In the distance, the rumble of guns could be heard from fighting that broke out between Jews and Arabs immediately following the British army withdrawal earlier that day. Egypt launched an air assault against Israel that evening. Despite a blackout in Tel Aviv–and the expected Arab invasion–Jews joyously celebrated the birth of their new nation, especially after word was received that the United States had recognized the Jewish state. At midnight, the State of Israel officially came into being upon termination of the British mandate in Palestine.
Modern Israel has its origins in the Zionism movement, established in the late 19th century by Jews in the Russian Empire who called for the establishment of a territorial Jewish state after enduring persecution. In 1896, Jewish-Austrian journalist Theodor Herzl published an influential political pamphlet called The Jewish State, which argued that the establishment of a Jewish state was the only way of protecting Jews from anti-Semitism. Herzl became the leader of Zionism, convening the first Zionist Congress in Switzerland in 1897. Ottoman-controlled Palestine, the original home of the Jews, was chosen as the most desirable location for a Jewish state, and Herzl unsuccessfully petitioned the Ottoman government for a charter.
After the failed Russian Revolution of 1905, growing numbers of Eastern European and Russian Jews began to immigrate to Palestine, joining the few thousand Jews who had arrived earlier. The Jewish settlers insisted on the use of Hebrew as their spoken language. With the collapse of the Ottoman Empire during World War I, Britain took over Palestine. In 1917, Britain issued the “Balfour Declaration,” which declared its intent to establish a Jewish homeland in Palestine. Although protested by the Arab states, the Balfour Declaration was included in the British mandate over Palestine, which was authorized by the League of Nations in 1922. Because of Arab opposition to the establishment of any Jewish state in Palestine, British rule continued throughout the 1920s and ’30s.
Beginning in 1929, Arabs and Jews openly fought in Palestine, and Britain attempted to limit Jewish immigration as a means of appeasing the Arabs. As a result of the Holocaust Europe, many Jews illegally entered Palestine during World War II. Radical Jewish groups employed terrorism against British forces in Palestine, which they thought had betrayed the Zionist cause. At the end of World War II, in 1945, the United States took up the Zionist cause. Britain, unable to find a practical solution, referred the problem to the United Nations, which in November 1947 voted to partition Palestine.

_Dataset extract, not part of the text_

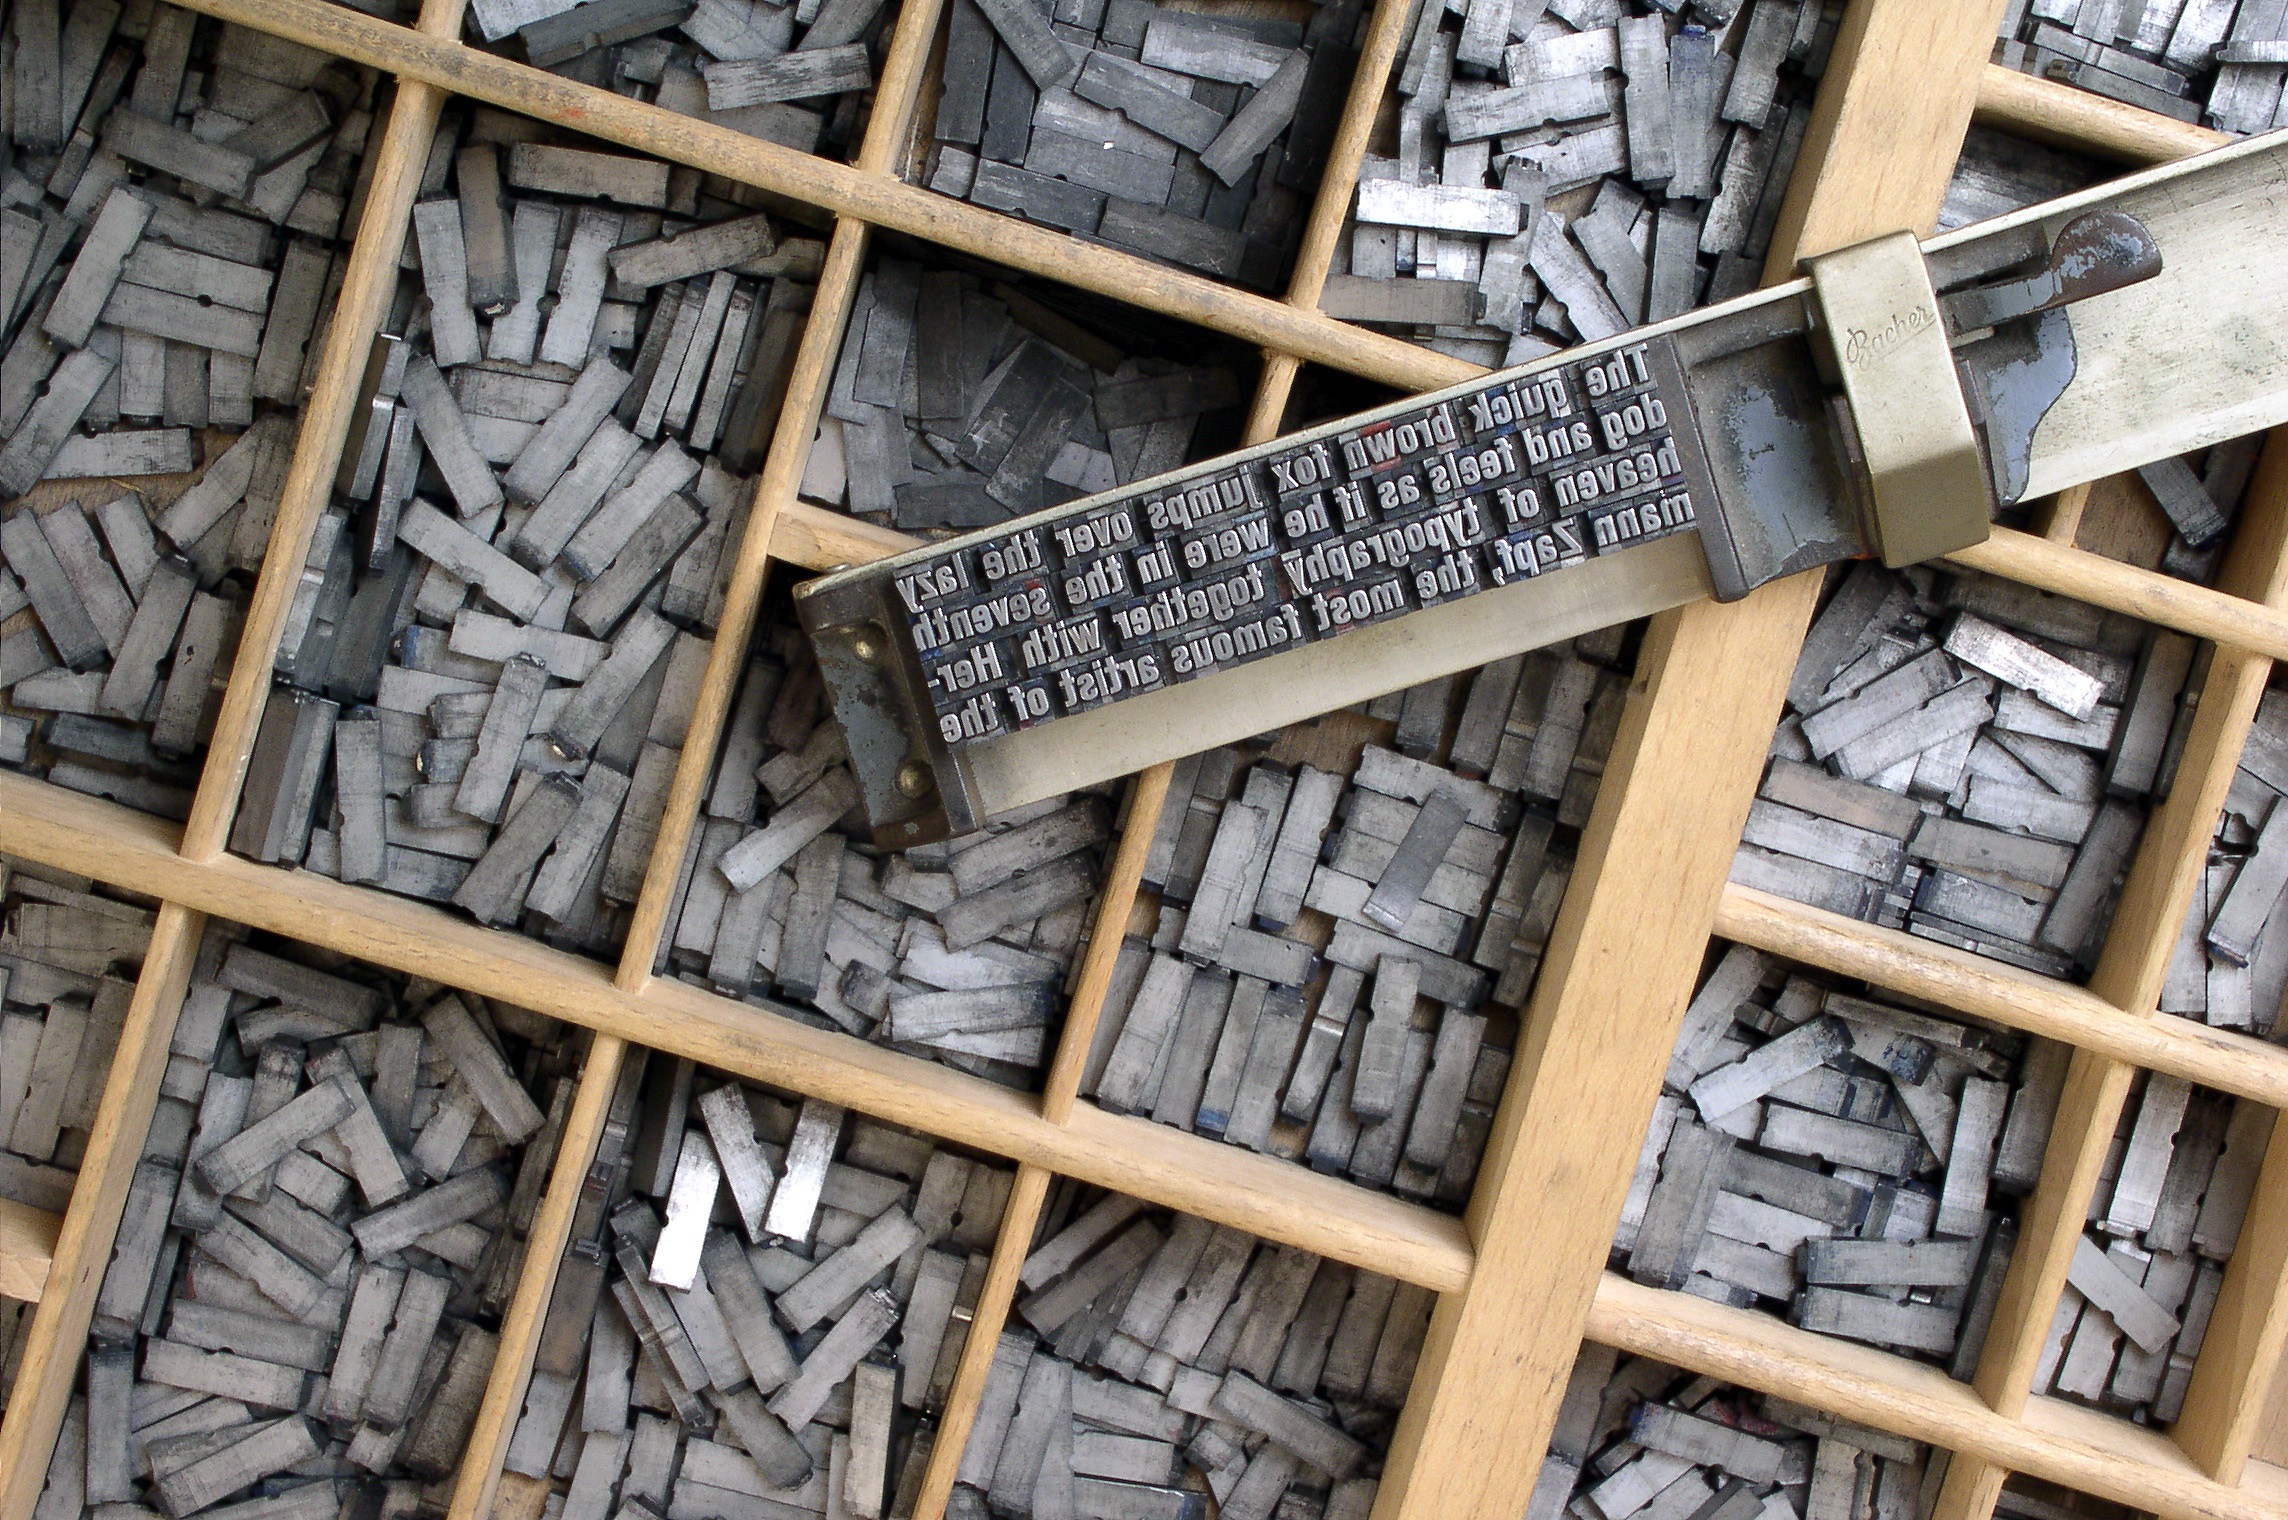 It’s probably something you don’t think about. But the words you are reading right now are written in a “typeface.” The letters are produced in a particular style—and hopefully the typeface is easy to read. Tens of thousands of typefaces exist today, but they are all inventions that originated with the early movable type of the Renaissance.  (Image via Wikipedia)

The Jews were to possess more than half of Palestine, although they made up less than half of Palestine’s population. The Palestinian Arabs, aided by volunteers from other countries, fought the Zionist forces, but by May 14, 1948, the Jews had secured full control of their U.N.-allocated share of Palestine and also some Arab territory. On May 14, Britain withdrew with the expiration of its mandate, and the State of Israel was proclaimed. The next day, forces from Egypt, Transjordan, Syria, Lebanon, and Iraq invaded.
The Israelis, though less well equipped, managed to fight off the Arabs and then seize key territory, such as Galilee, the Palestinian coast, and a strip of territory connecting the coastal region to the western section of Jerusalem. In 1949, U.N.-brokered cease-fires left the State of Israel in permanent control of this conquered territory. The departure of hundreds of thousands of Palestinian Arabs from Israel during the war left the country with a substantial Jewish majority.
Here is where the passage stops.